+++ TASK DATA

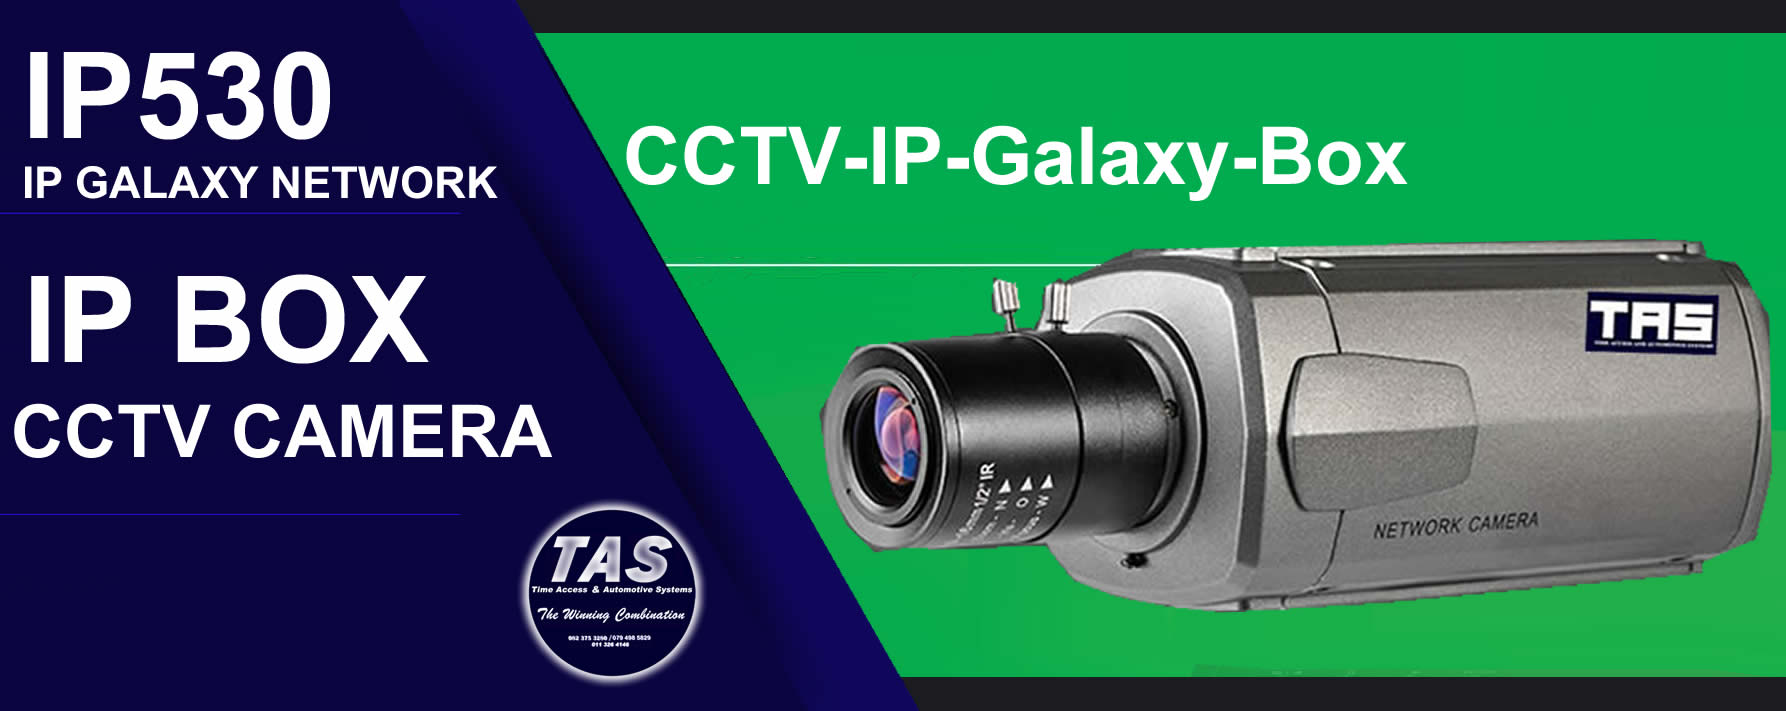 ip530 CCTV glalaxy-box-Cameras-security control banner
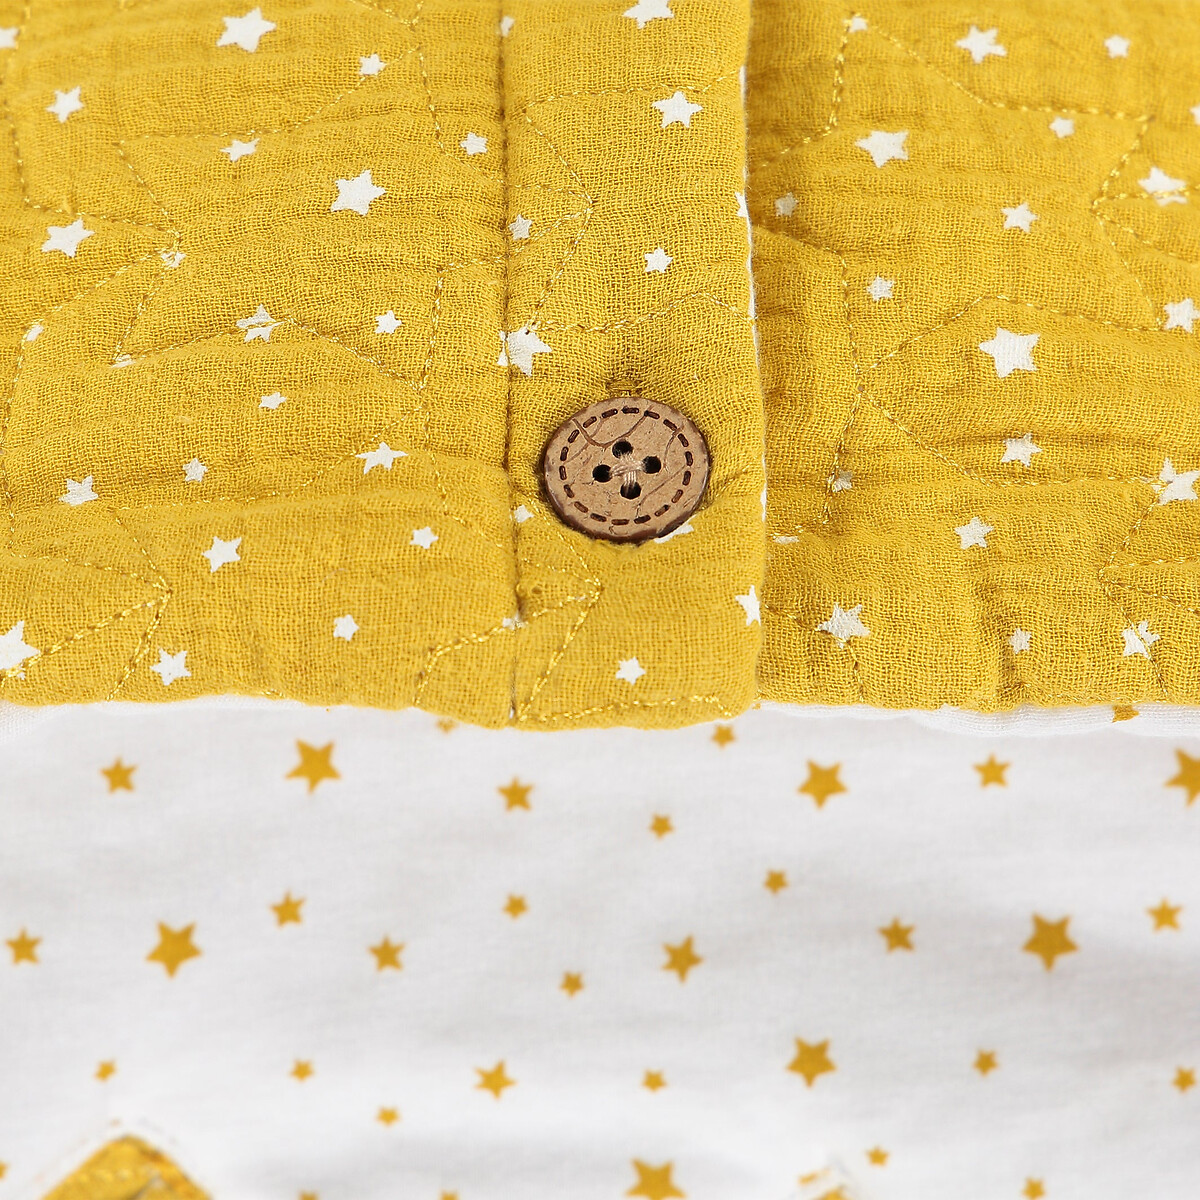 Конверт La Redoute Для новорожденного с капюшоном с рисунком из газовой хлопчатобумажной ткани единый размер желтый - фото 4
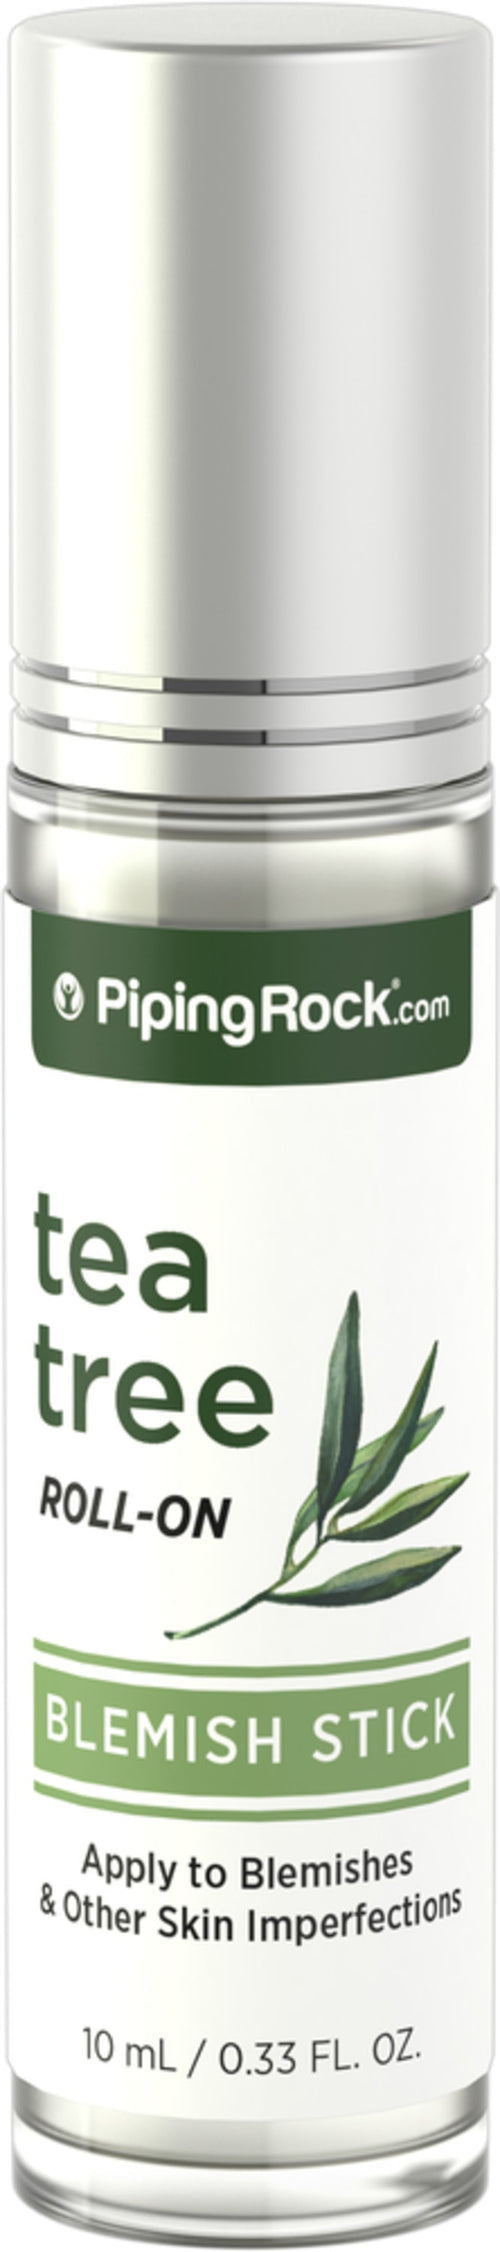 Correttore all'olio di tea tree  0.33 fl oz 10 mL Roll-On    
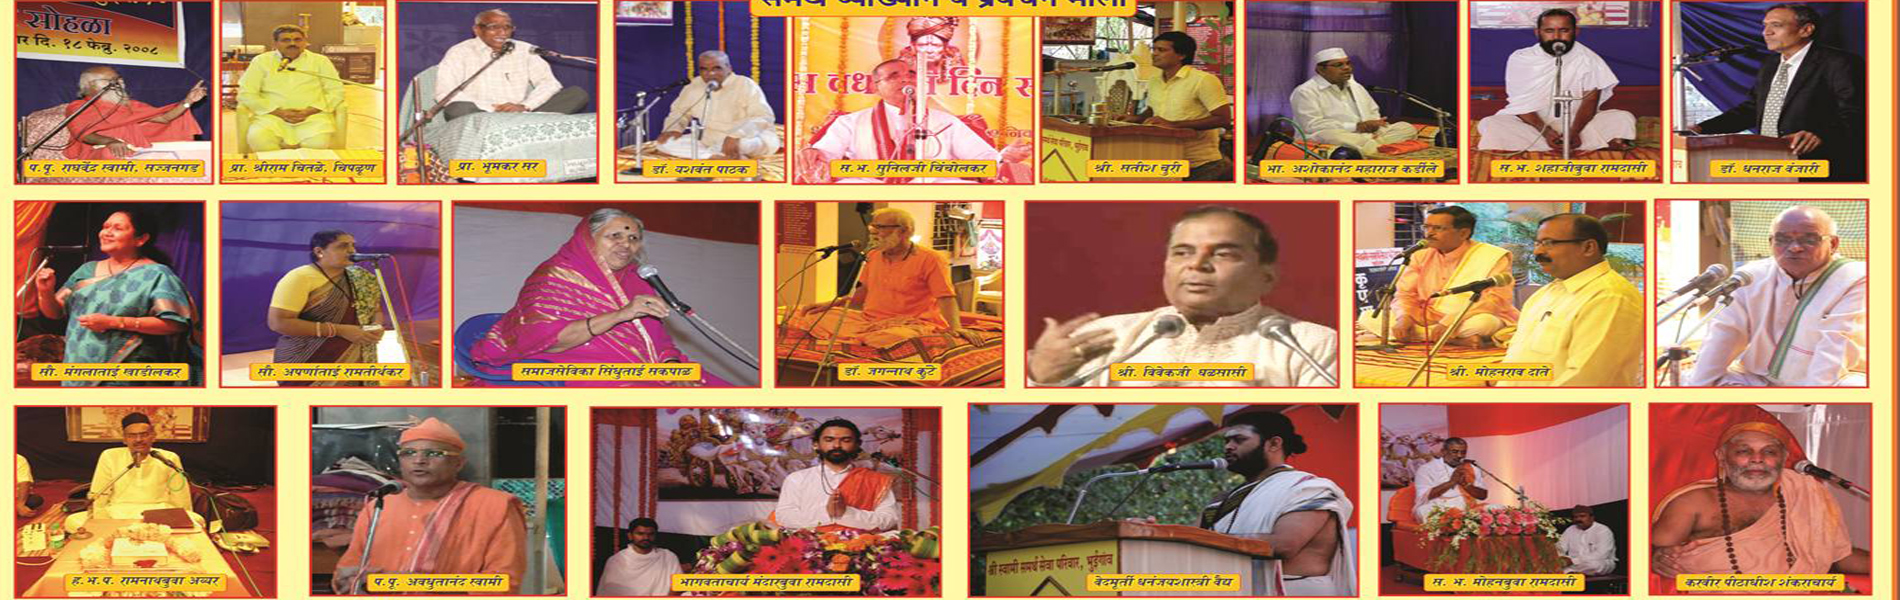 Swami Samarth Banner 3
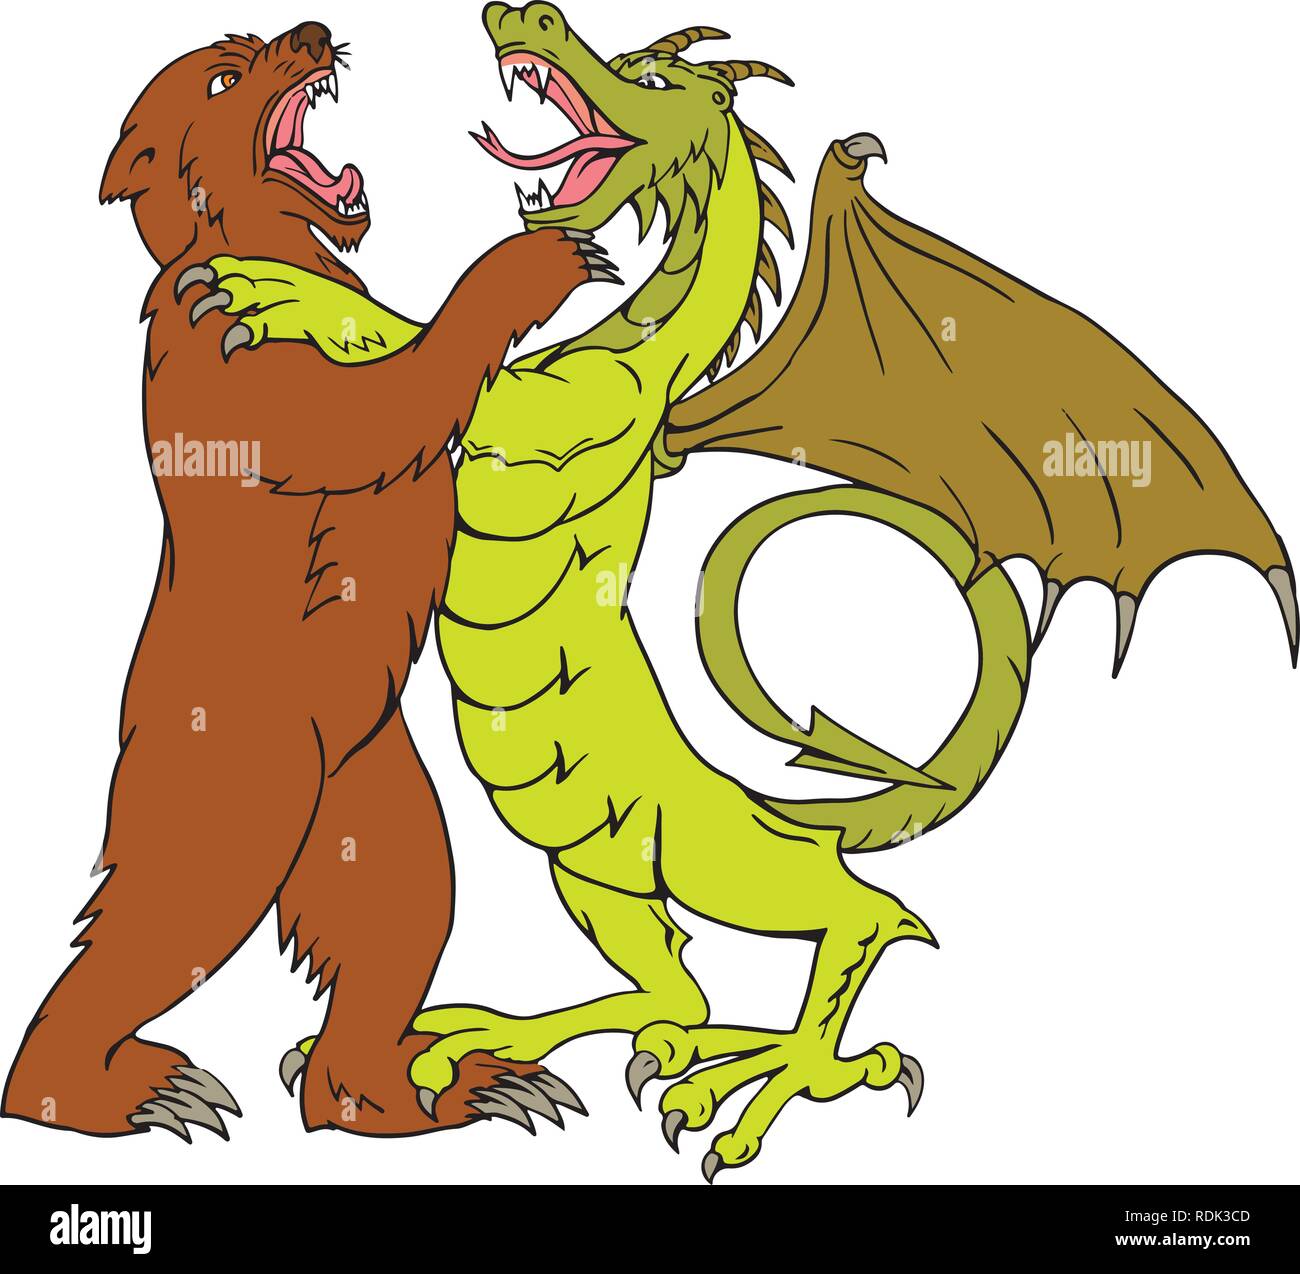 Disegno stile sketch illustrazione di un dragone cinese wrestling, giostre, sparring o combattendo contro un orso grizzly isolato su sfondo bianco fatto in fu Illustrazione Vettoriale

++++++

= EXERCISE BRIEF =
Skipping the pictures, transcribe each line above exactly as it appears.

= RESPONSE =
 ip530 CCTV glalaxy-box-Cameras-security control banner
 Конверт La Redoute Для новорожденного с капюшоном с рисунком из газовой хлопчатобумажной ткани единый размер желтый - фото 4
 Correttore all'olio di tea tree  0.33 fl oz 10 mL Roll-On    
 Swami Samarth Banner 3
 Disegno stile sketch illustrazione di un dragone cinese wrestling, giostre, sparring o combattendo contro un orso grizzly isolato su sfondo bianco fatto in fu Illustrazione Vettoriale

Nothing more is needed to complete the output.